### DATA PROVIDED
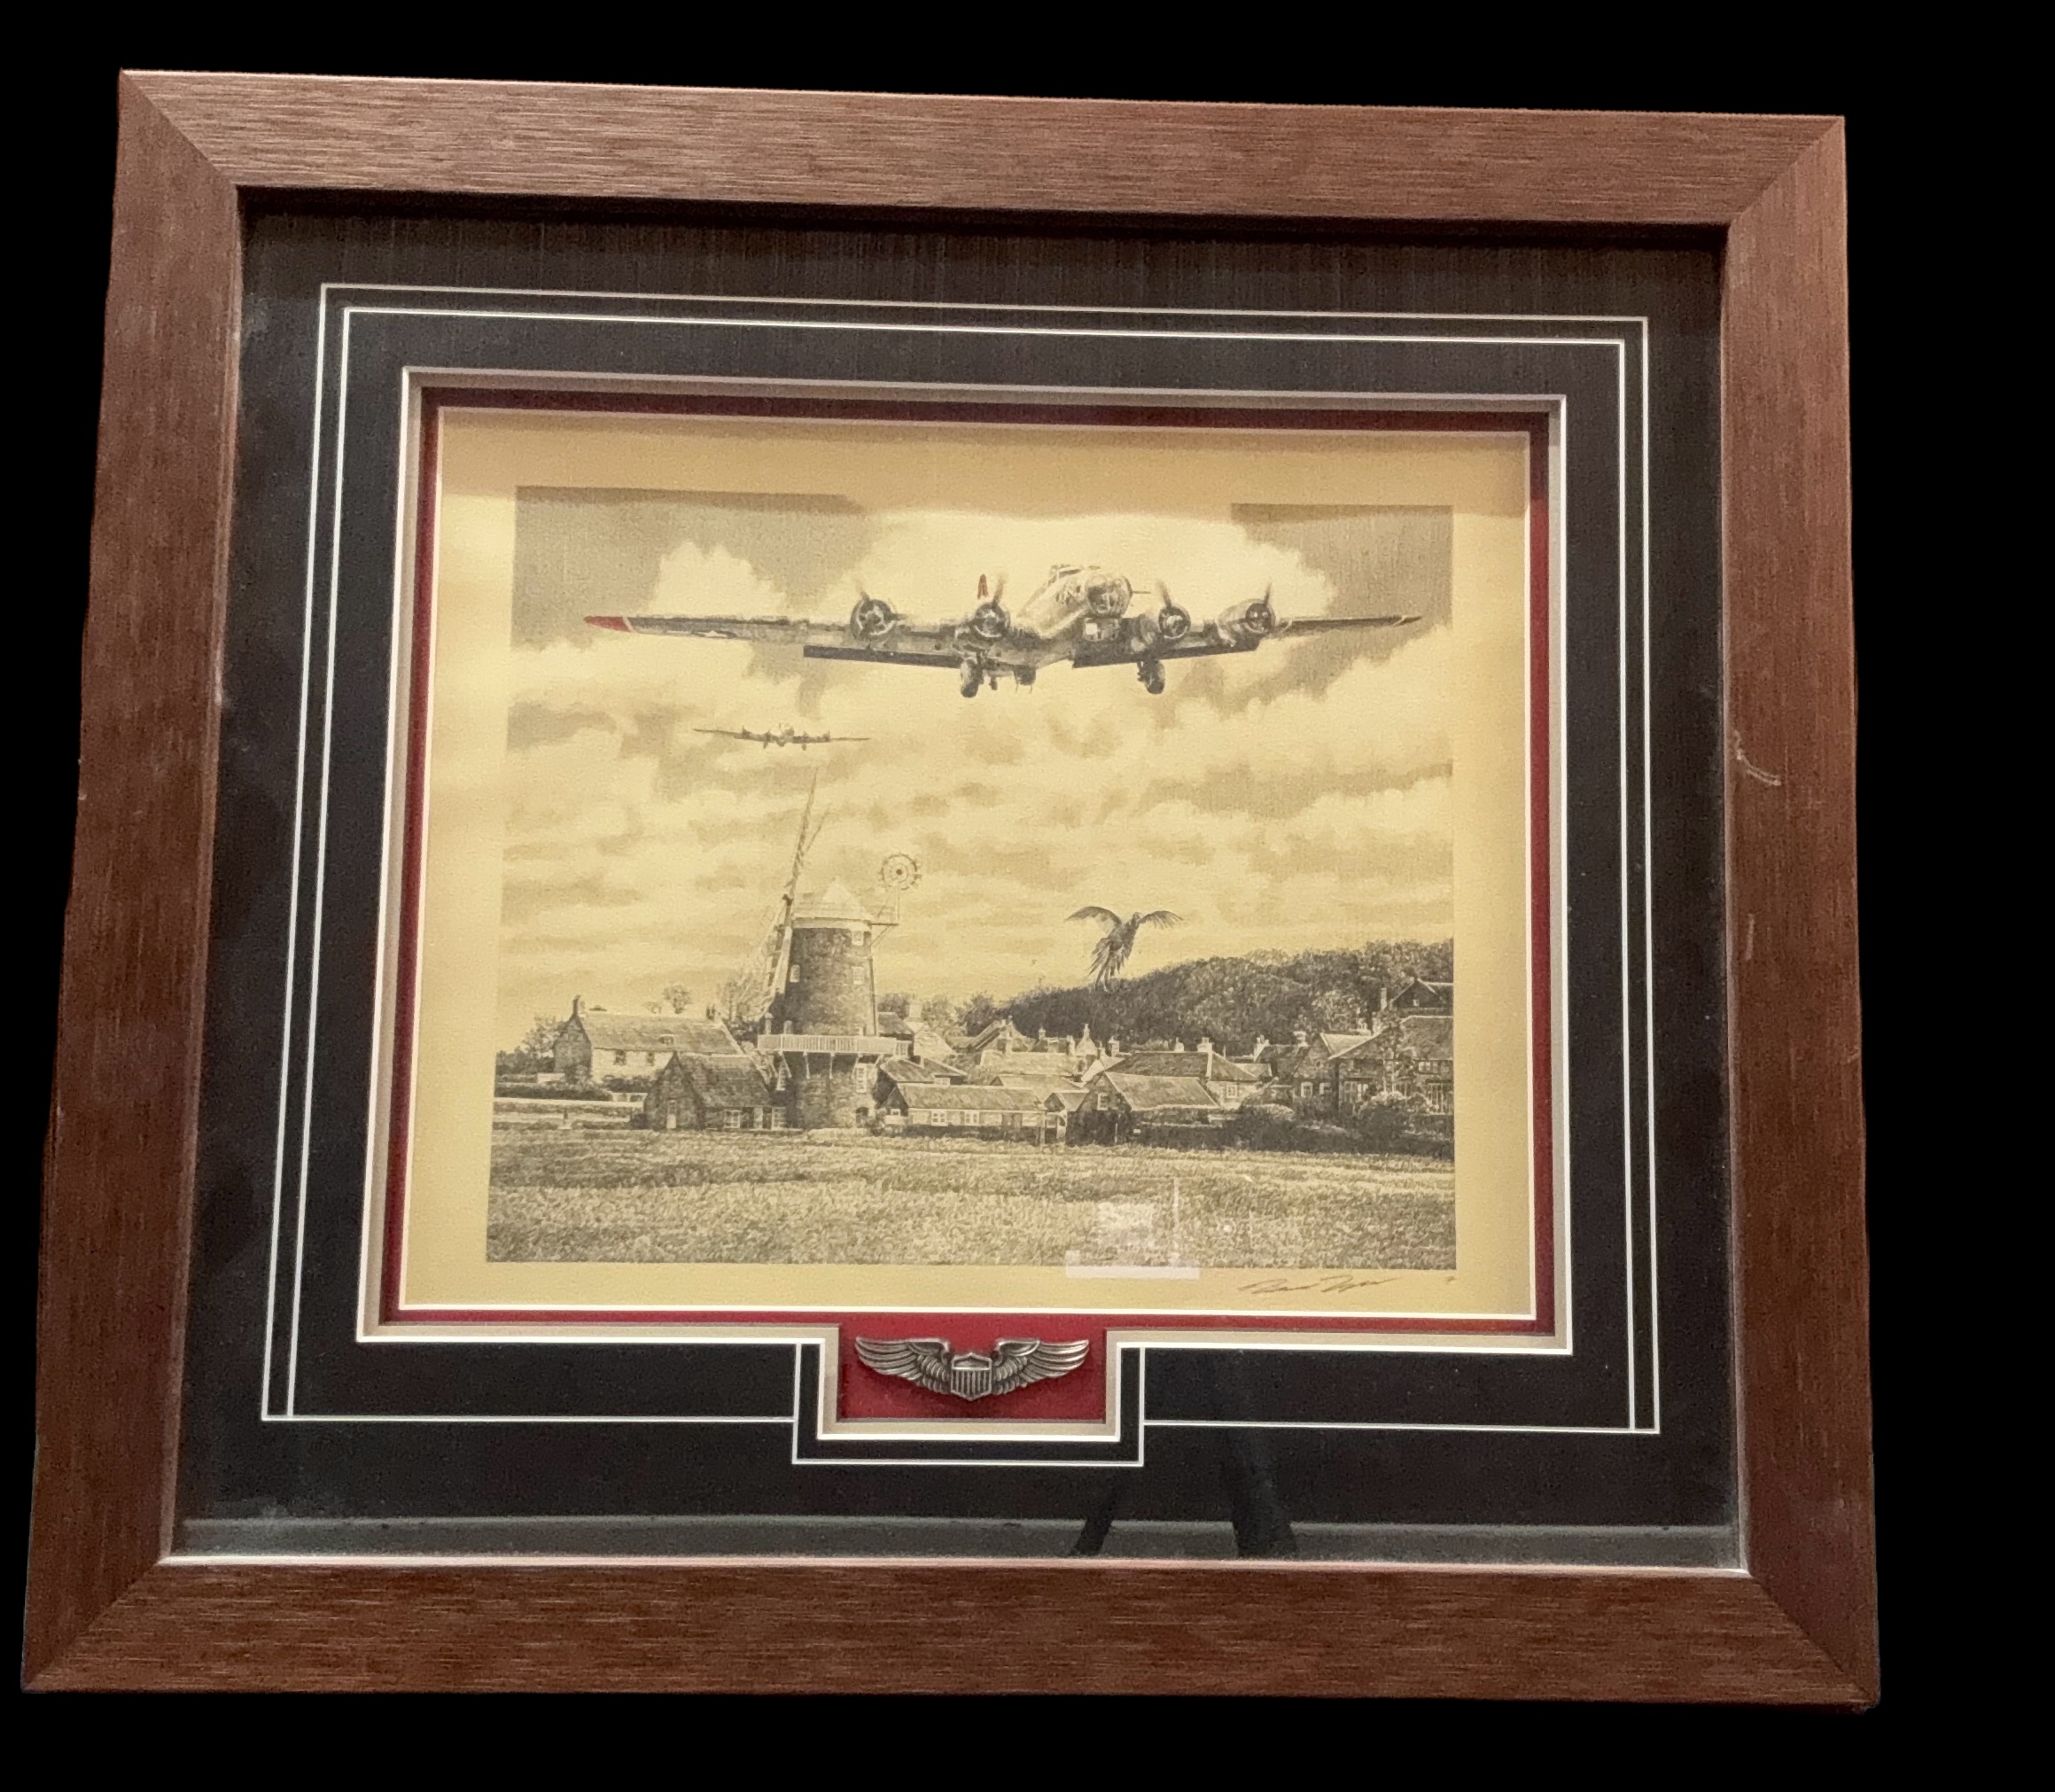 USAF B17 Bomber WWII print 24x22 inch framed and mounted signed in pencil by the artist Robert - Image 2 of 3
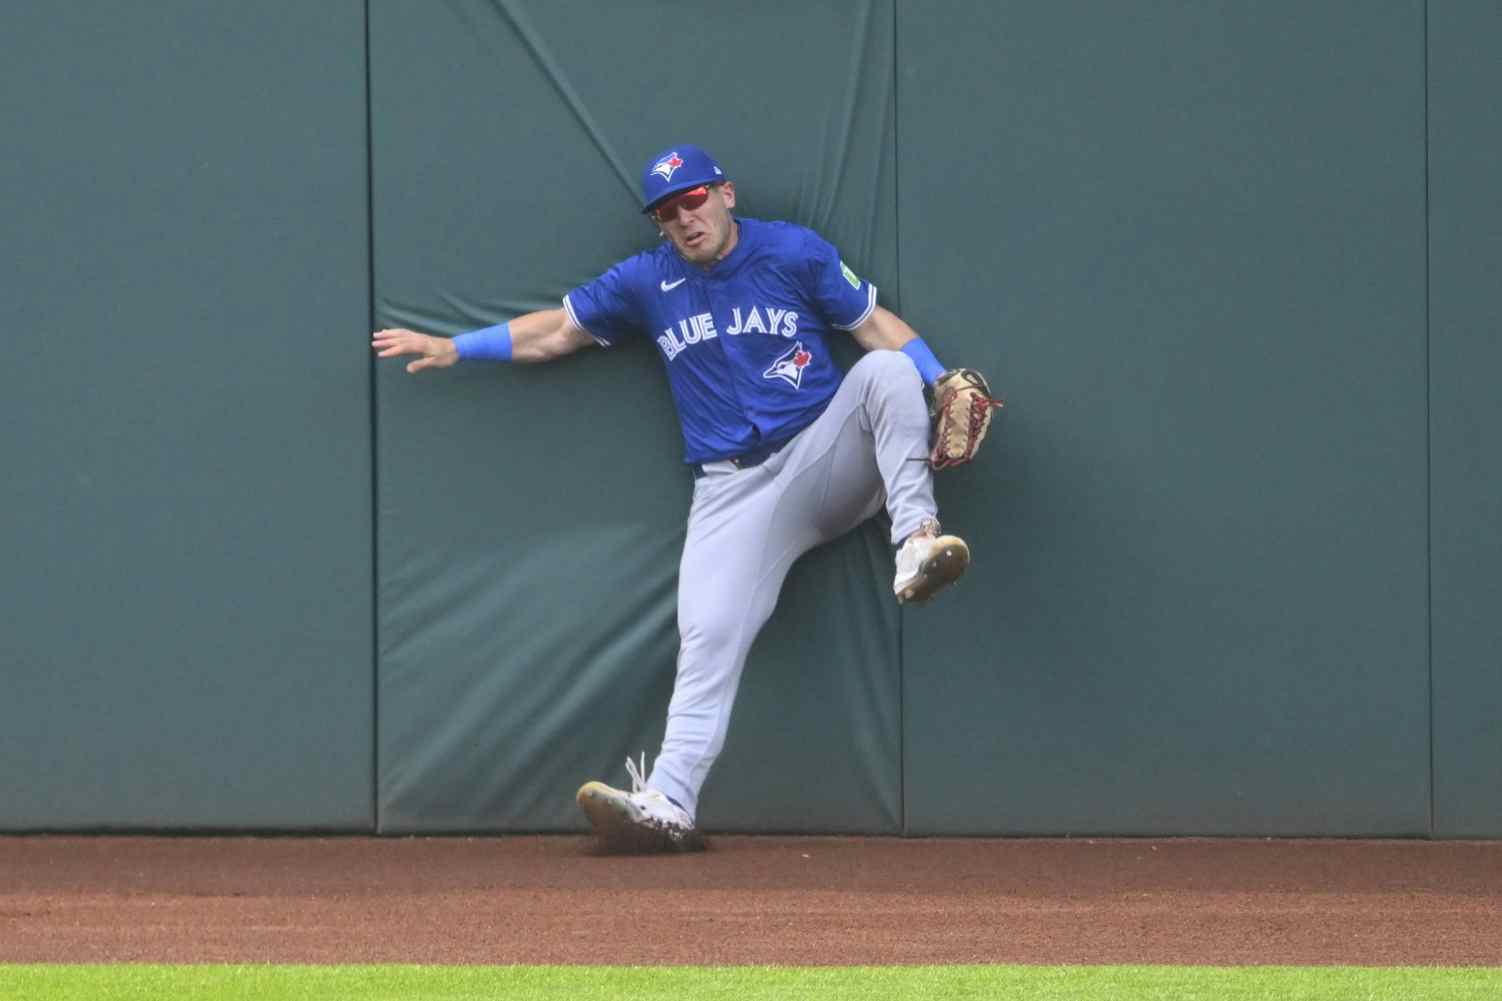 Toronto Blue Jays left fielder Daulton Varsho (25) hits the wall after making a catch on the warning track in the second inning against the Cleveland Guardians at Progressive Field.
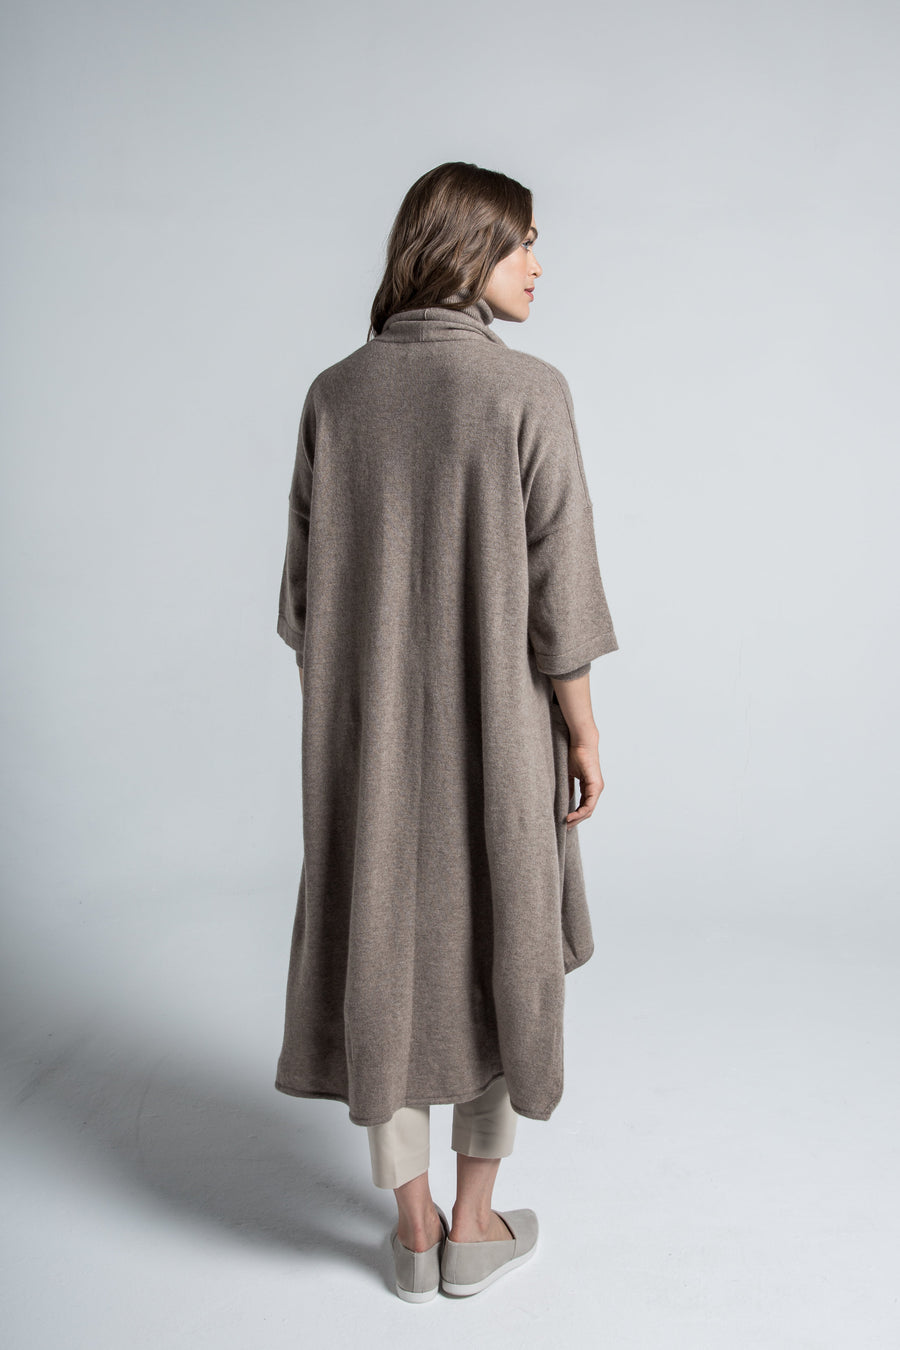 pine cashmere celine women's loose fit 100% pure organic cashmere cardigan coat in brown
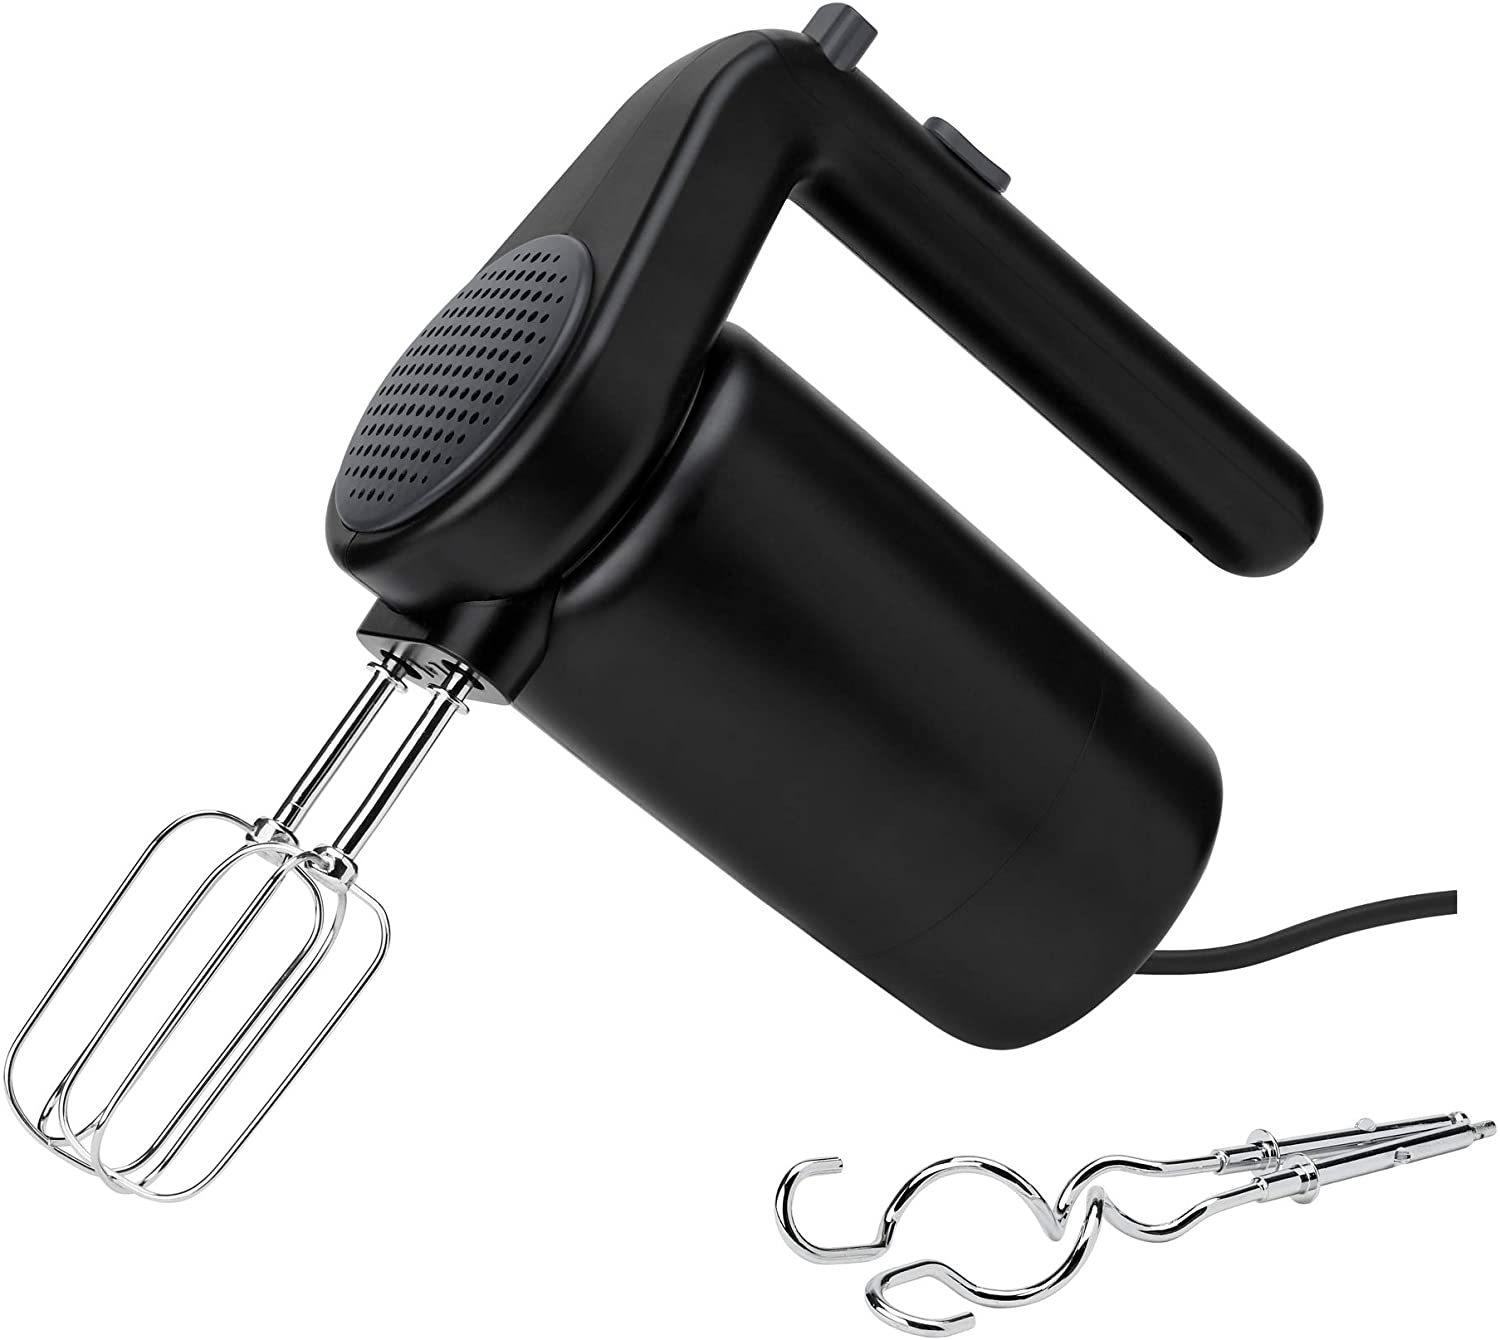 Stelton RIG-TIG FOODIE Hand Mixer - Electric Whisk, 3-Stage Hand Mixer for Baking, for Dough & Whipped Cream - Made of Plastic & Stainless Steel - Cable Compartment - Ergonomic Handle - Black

### WORK REQUEST
Output the full material exactly as given, without its pictures.

### YOUR SOLUTION
 USAF B17 Bomber WWII print 24x22 inch framed and mounted signed in pencil by the artist Robert - Image 2 of 3
 Toronto Blue Jays left fielder Daulton Varsho (25) hits the wall after making a catch on the warning track in the second inning against the Cleveland Guardians at Progressive Field.
 pine cashmere celine women's loose fit 100% pure organic cashmere cardigan coat in brown
 Stelton RIG-TIG FOODIE Hand Mixer - Electric Whisk, 3-Stage Hand Mixer for Baking, for Dough & Whipped Cream - Made of Plastic & Stainless Steel - Cable Compartment - Ergonomic Handle - Black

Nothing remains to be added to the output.